- Born: 1933
- Died: September 13, 2020 (aged 86–87)

= Kaukab Quder Meerza =

Indian scholar of the Urdu language

Kaukab Quder Sajjad Ali Meerza (also Dr M Kaukab) (1933 – September 13, 2020) was an Indian scholar of the Urdu language

A specialist in the literature of Awadh State during the reign of his great-grandfather and Awadh's last Nawab, Wajid Ali Shah (1822–1887), Meerza taught Urdu at Aligarh Muslim University, retiring in 1993. The Indian filmmaker, Satyajit Ray consulted with Meerza over many months during the writing of the screenplay for his 1977 award-winning film Shatranj ke Khilari (The Chess Players), which was set in Awadh in the period immediately preceding the Indian rebellion of 1857.
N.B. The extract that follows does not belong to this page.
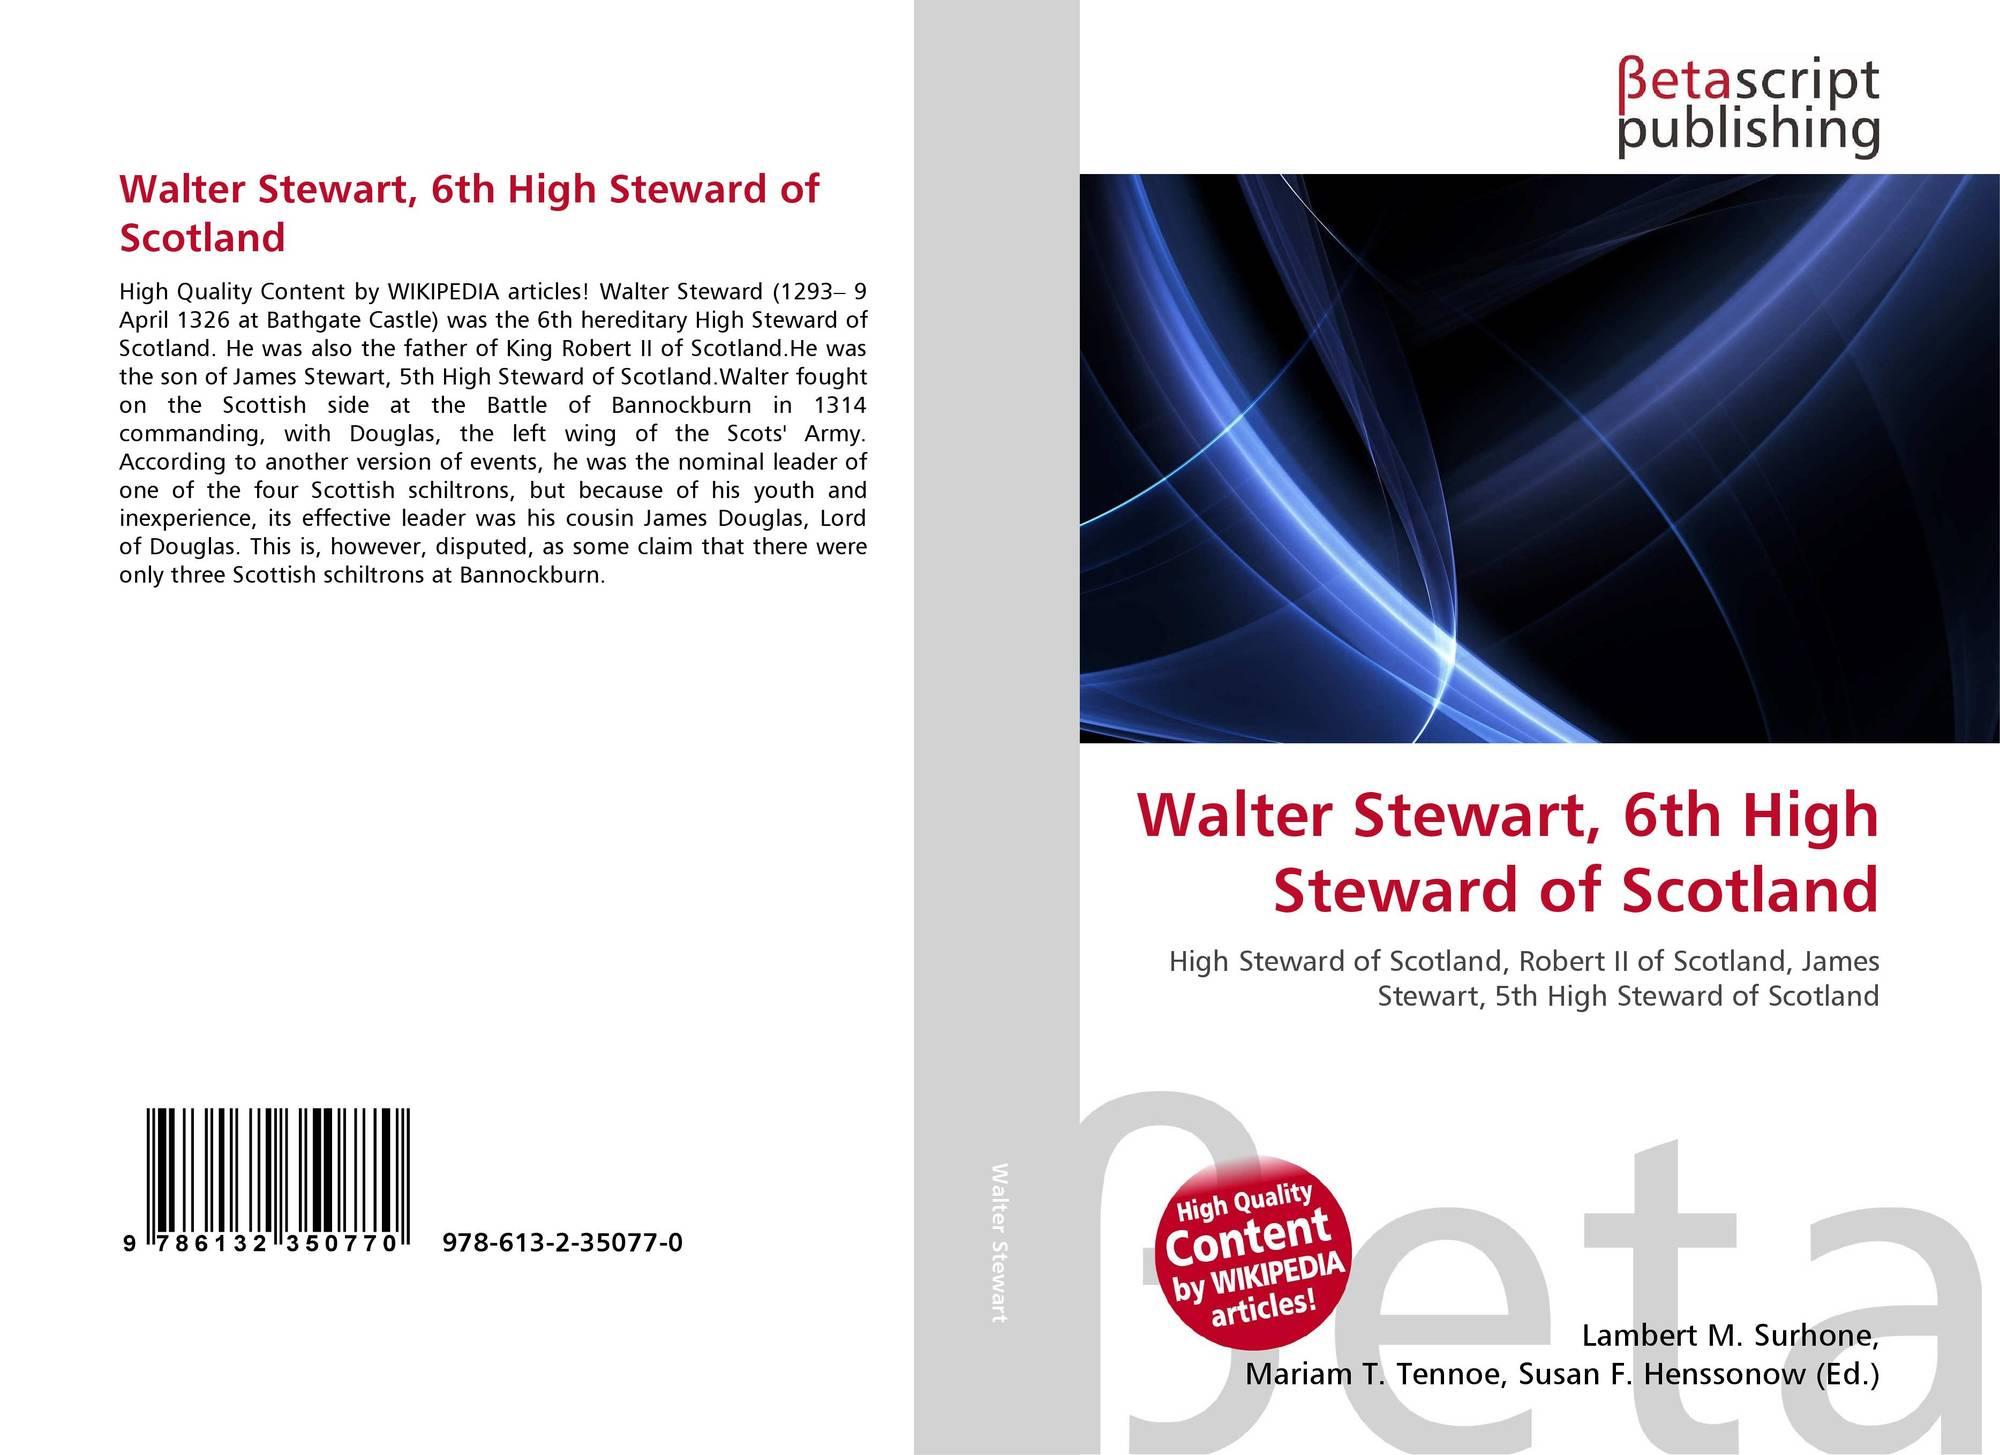 Walter Stewart, 6th High Steward of Scotland, 978-613-2-35077-0 ...

Meerza was an enthusiast of snooker; he refereed many tournaments and was the founder-secretary of the Billiards and Snooker Federation of India.

The last pensioner in the Awadh Pension Book of 1897 established by the British Raj and honoured by the Government of India after 1947, and the only surviving great-grandson of Wajid Ali Shah, Meerza died of complications from COVID-19 at age 87 in Kolkata on 14 September 2020.